If you have followed all the steps correctly, you should be greeted by a table that looks like this:

RESOURCEID RESOURCETYPE ATTRIBUTENAME ATTRIBUTEVALUE GROUPID
1 HERITAGE_RESOURCE.E18 NAME.E41 119 Sidney group1
1 HERITAGE_RESOURCE.E18 NAME_TYPE.E55 NAME_TYPE:1 group1
1 HERITAGE_RESOURCE.E18 SPATIAL_COORDINATES_GEOMETRY.E47 POINT (-93.08813 31.75357) group2
2 HERITAGE_RESOURCE.E18 NAME.E41 135 Sidney group1
2 HERITAGE_RESOURCE.E18 NAME_TYPE.E55 NAME_TYPE:1 group1
2 HERITAGE_RESOURCE.E18 SPATIAL_COORDINATES_GEOMETRY.E47 POINT (-93.08825 31.75359) group2

Look familiar?
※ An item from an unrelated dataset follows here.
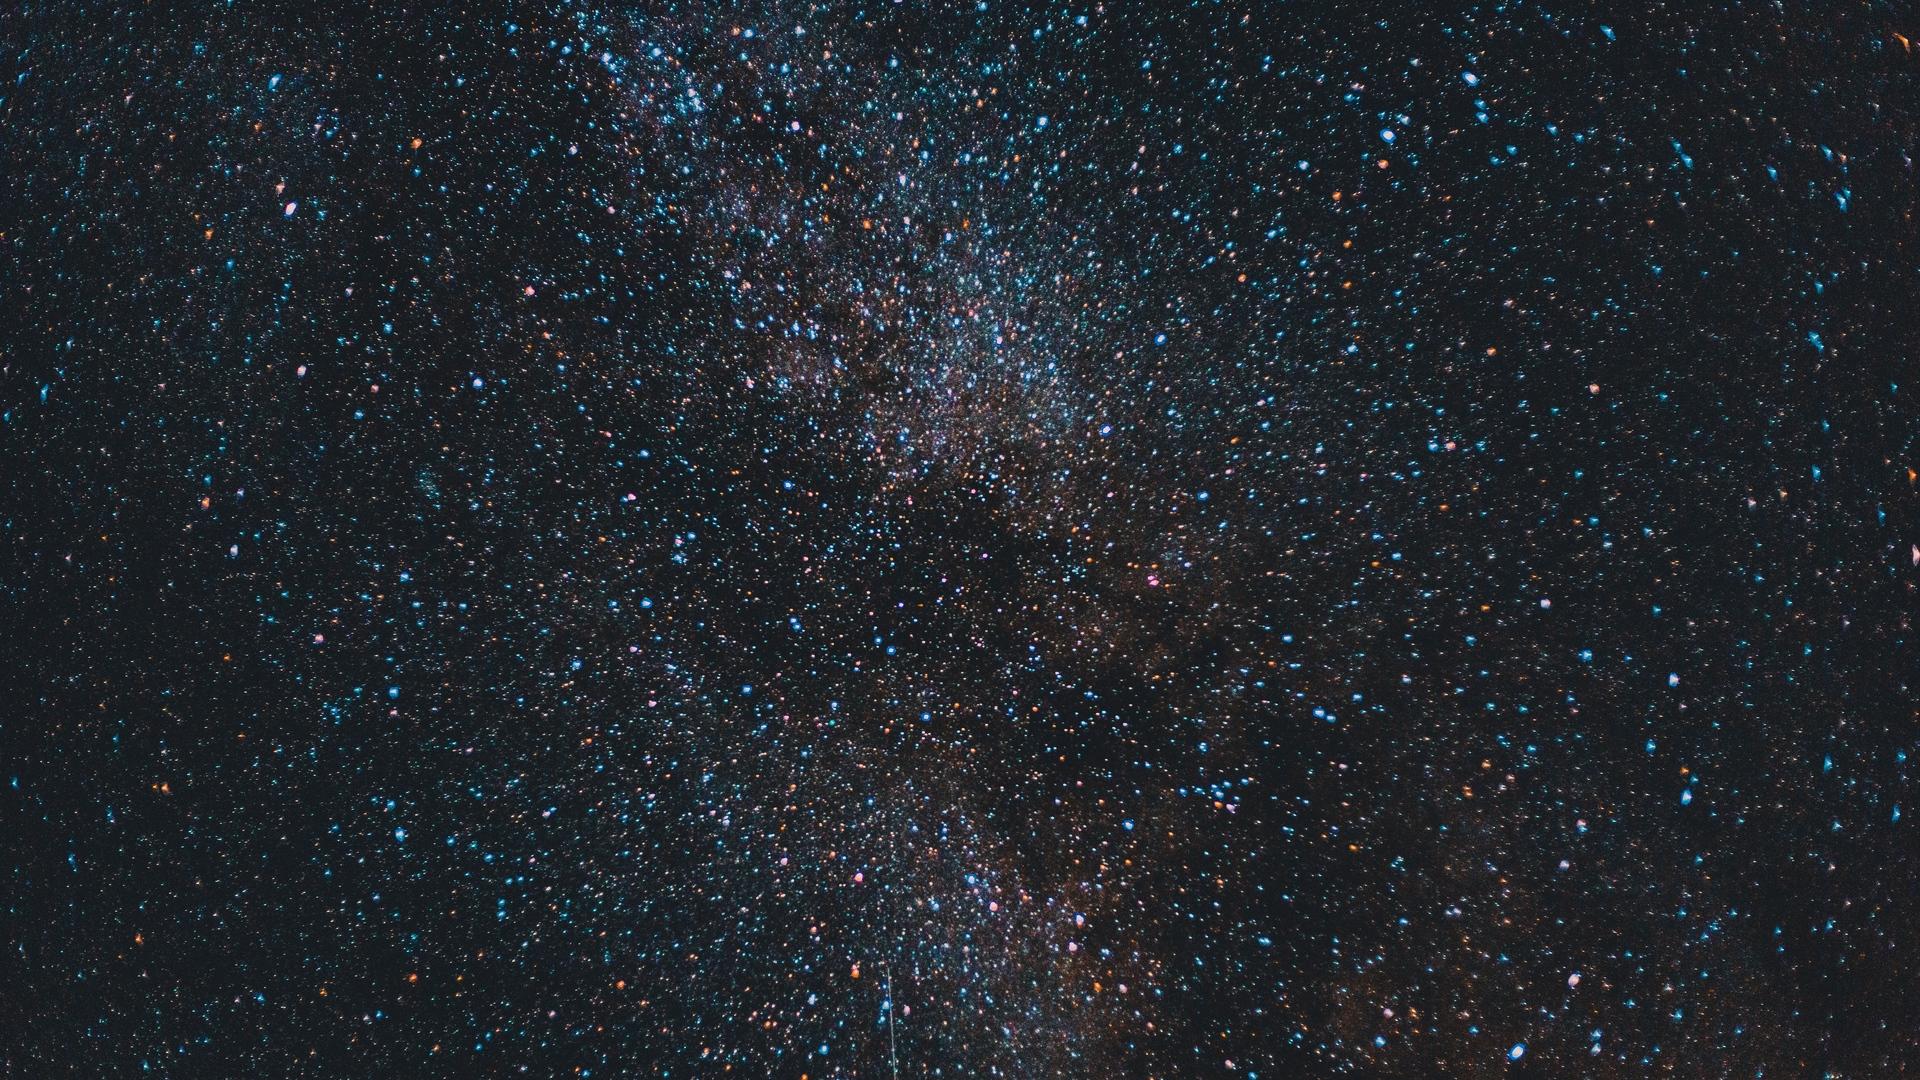 Download wallpaper 1920x1080 stars, space, galaxy full hd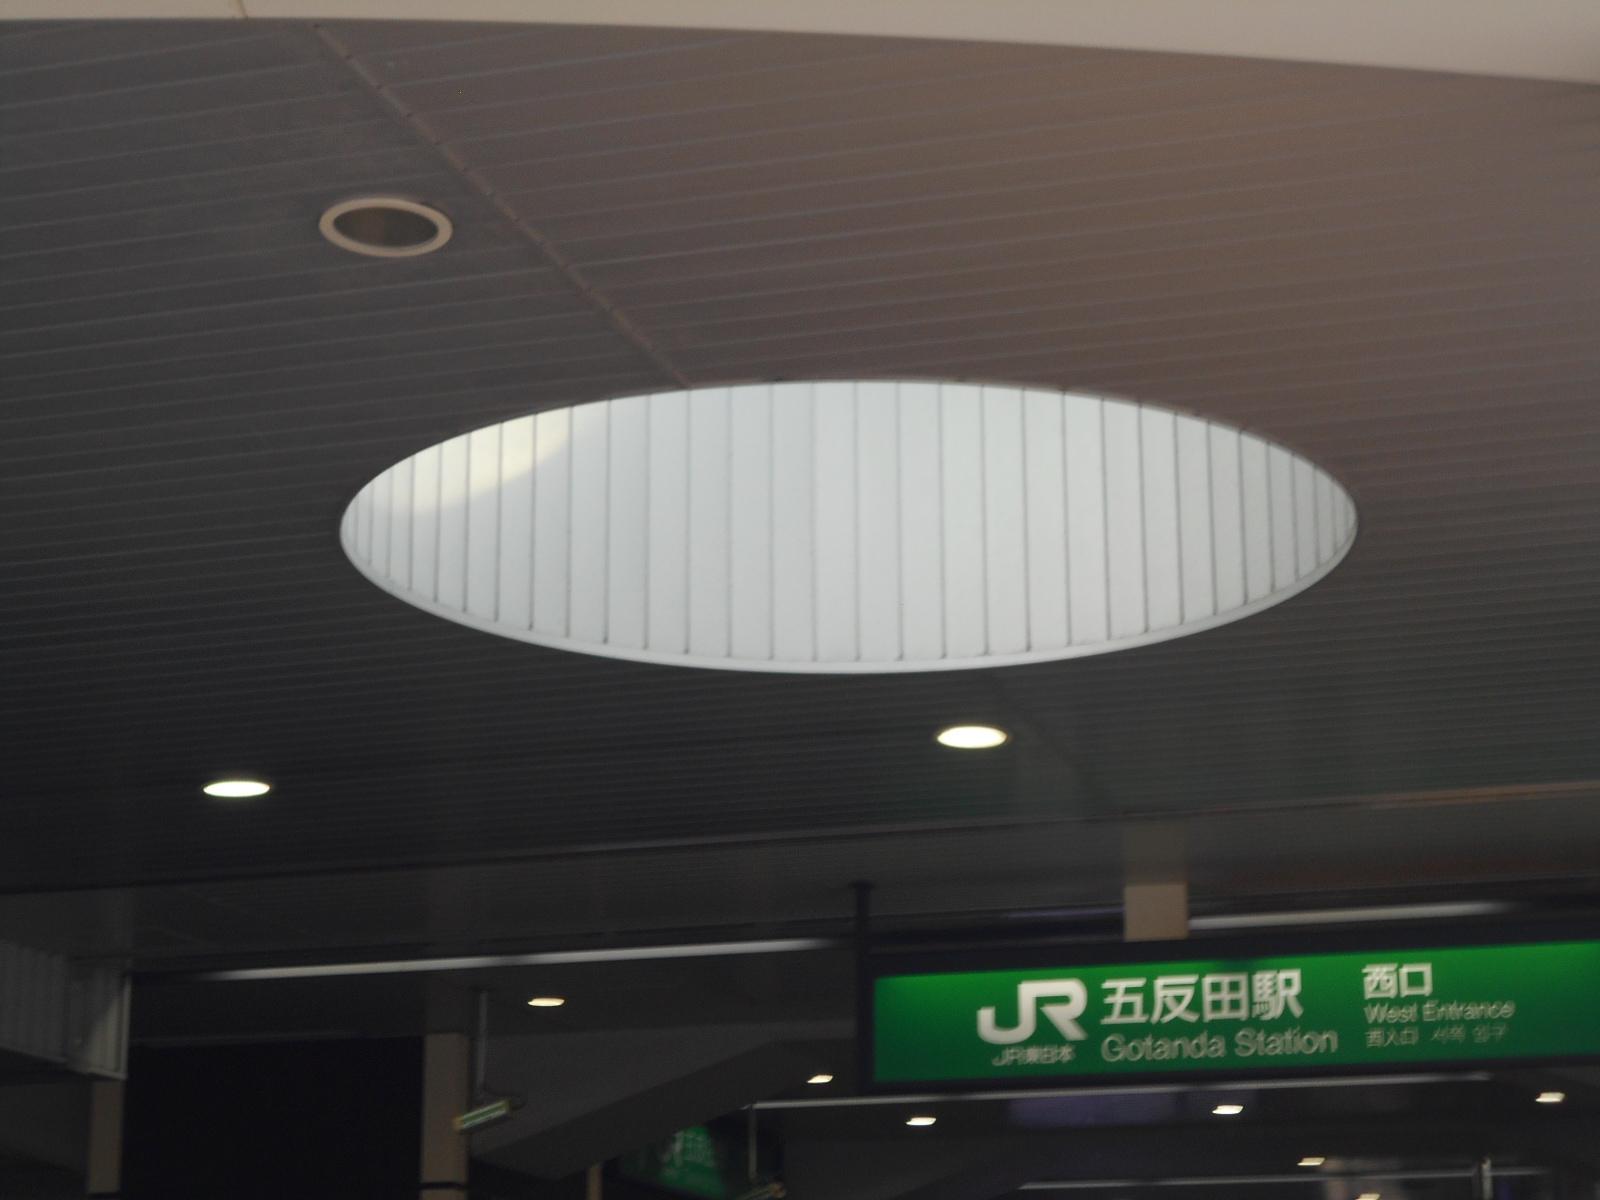 DSCN1835.jpg

That is your original data, reformatted to match the .arches schema. As you can see, three rows have been made from each row in our original table. In the SQL query, each new row is defined by a separate SELECT statement. You may notice that a little bit of processing was done in the third SELECT statement to rewrite your lat/long coordinates–they are now formatted as WKT, or Well-known text.

#3. Export and Touch-up

Now that we’ve reformatted the table, we’re ready to export it and make the final changes.

  1. Click the RD button (return data), and choose a blank sheet in your workbook for the output. (Your data may now be styled as a table, which is fine but not necessary.)
  2. Go to File > Save As... and for “Save as type:” choose Text (Tab delimited) (*.txt).
  3. Click Save, and when you encounter warnings, choose Yes.
  4. For the next steps, we’re using Notepad++, as mentioned above. We need to convert the tabs to pipe characters (|). Open your newly created .txt file in Notepad++ and use ctrl + F to open the Find/Replace window.
  5. Go the the Replace tab, and enter “Find what:” = \t, and “Replace with:” = |. Make sure that you have checked the box for Extended Search Mode, and click Replace All. If everything worked correctly, click OK.
  6. For one final check, open the Encoding menu, and make sure that “Encode in UTF-8 without BOM” is selected (select it if it isn’t).
  7. Now go to File > Save As..., choose this type (at the top of the list): All types (*.*), and name your file <yourname>.arches. Click Save.

#4. Make a .relations File

You must have a .relations file to accompany your .arches file when you load it into Arches. However, the file need not contain any more than this single line:

RESOURCEID_FROM|RESOURCEID_TO|START_DATE|END_DATE|RELATION_TYPE|NOTES

If you’d like to define some resource-to-resource relationships between the resources in your .arches file, you would do so in the .relations file. You can learn more about this in the Arches Documentation.

To make a .relations file with Notepad++, just open a new blank document, paste in the line shown above, and save it as <yourname>.relations. Your .arches and .relations files must have the same name (e.g., buildings.arches and buildings.relations), and should always be kept together.

Congratulations! You’ve successfully changed a sheet from a standard MS Excel workbook into a .arches/.relations file, and you’re ready to upload it to Arches. You can find guidance on how to do so in the Loading Data section above.